A few things stand out to me:
  • Price is stretched well above the 50-day moving average, which is sitting near $2,875.
  • The 200-day moving average is way down around $2,173.
  • A regression trend shows gold pressing into the upper band, suggesting momentum is pretty extended.
If we do get a retracement, I’m watching two key Fibonacci levels, measured from the September 2023 lows to recent highs:
  • The 38.2% retracement sits near $2,750.
  • The 50% retracement comes in around $2,575.
I expect these areas could attract quite a bit of buying interest. If price starts dropping into that range, traders who were betting against gold will likely take profits, and long-term buyers could start stepping back in.

For the next 9 to 12 months, I’m thinking the bears should gain control, leading to a 20 to 25 percent correction off the highs. If gold were to pull all the way back to the 200-day moving average, that would be closer to a 35 percent drawdown.
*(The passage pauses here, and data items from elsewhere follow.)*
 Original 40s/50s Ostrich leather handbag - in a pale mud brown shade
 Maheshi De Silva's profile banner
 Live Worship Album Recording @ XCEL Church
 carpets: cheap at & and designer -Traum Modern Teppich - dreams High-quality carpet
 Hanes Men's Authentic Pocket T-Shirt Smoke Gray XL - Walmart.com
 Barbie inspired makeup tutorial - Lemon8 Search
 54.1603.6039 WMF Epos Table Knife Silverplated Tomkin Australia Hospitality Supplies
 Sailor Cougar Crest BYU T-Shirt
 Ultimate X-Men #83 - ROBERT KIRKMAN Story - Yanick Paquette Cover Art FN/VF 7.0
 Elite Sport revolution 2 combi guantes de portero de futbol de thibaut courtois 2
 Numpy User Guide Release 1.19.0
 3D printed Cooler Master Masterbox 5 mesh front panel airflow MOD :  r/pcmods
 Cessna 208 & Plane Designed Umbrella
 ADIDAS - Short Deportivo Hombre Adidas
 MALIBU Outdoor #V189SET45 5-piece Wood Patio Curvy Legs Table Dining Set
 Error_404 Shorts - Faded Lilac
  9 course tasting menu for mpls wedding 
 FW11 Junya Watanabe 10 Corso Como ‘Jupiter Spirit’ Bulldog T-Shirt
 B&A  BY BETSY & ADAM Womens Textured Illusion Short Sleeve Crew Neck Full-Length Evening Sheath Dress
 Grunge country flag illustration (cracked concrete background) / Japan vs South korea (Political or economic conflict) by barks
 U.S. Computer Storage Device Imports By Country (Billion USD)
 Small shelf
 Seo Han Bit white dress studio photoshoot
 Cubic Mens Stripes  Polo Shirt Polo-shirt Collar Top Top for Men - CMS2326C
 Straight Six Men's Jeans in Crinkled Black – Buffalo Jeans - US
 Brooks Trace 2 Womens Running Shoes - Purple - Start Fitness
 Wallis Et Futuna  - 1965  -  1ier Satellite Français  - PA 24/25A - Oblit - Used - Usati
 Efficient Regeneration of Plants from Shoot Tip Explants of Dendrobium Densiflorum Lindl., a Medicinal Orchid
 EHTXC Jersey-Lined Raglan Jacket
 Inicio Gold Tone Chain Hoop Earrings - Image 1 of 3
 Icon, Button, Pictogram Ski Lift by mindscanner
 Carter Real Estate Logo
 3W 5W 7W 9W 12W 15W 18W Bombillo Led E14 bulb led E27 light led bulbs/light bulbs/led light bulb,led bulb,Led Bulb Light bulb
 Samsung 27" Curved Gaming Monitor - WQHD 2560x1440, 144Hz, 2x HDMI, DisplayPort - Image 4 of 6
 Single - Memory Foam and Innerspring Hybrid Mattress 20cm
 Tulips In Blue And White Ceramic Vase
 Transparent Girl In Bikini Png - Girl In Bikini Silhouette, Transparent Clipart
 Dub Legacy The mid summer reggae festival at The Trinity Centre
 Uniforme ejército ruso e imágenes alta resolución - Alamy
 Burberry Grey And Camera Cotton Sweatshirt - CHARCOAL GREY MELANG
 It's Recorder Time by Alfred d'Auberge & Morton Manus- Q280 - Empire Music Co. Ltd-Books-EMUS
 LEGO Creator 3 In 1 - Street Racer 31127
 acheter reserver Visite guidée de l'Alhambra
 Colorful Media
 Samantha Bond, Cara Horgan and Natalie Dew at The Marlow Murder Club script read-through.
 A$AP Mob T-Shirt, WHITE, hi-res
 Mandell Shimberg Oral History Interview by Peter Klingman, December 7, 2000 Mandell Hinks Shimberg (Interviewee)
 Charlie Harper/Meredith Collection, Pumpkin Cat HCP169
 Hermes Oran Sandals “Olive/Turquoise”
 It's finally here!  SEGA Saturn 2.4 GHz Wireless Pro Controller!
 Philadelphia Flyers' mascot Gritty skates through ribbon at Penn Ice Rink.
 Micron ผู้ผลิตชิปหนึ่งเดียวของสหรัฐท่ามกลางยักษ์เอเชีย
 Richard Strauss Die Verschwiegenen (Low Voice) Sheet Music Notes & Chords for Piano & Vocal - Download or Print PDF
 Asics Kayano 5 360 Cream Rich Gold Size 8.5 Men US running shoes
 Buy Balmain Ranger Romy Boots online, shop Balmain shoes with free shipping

Personally, I’m carrying some short exposure here. For my long-term positions, especially in miners or ETFs I may not want to liquidate for tax reasons, so with the right ones I’m holding steady and planning to add selectively if we see deeper retracements.

Stay sharp out there.

Disclaimer:
Nothing in this post is financial advice, trading advice, or any other kind of professional advice. I am not a financial advisor, certified analyst, or mystical oracle. I am just a regular person who trades for personal amusement and occasionally talks to my computer screen. If you take trading cues from someone who works in the car business and posts charts on the internet, you might want to reflect on your life choices and consider consulting an actual licensed professional before risking any money. Investing involves risk, including the risk of losing your entire investment and then some, plus your sanity. Always do your own research, use your own brain, and don’t blame me if your account balance ends up looking like a deflated balloon.

Stay rational and trade responsibly.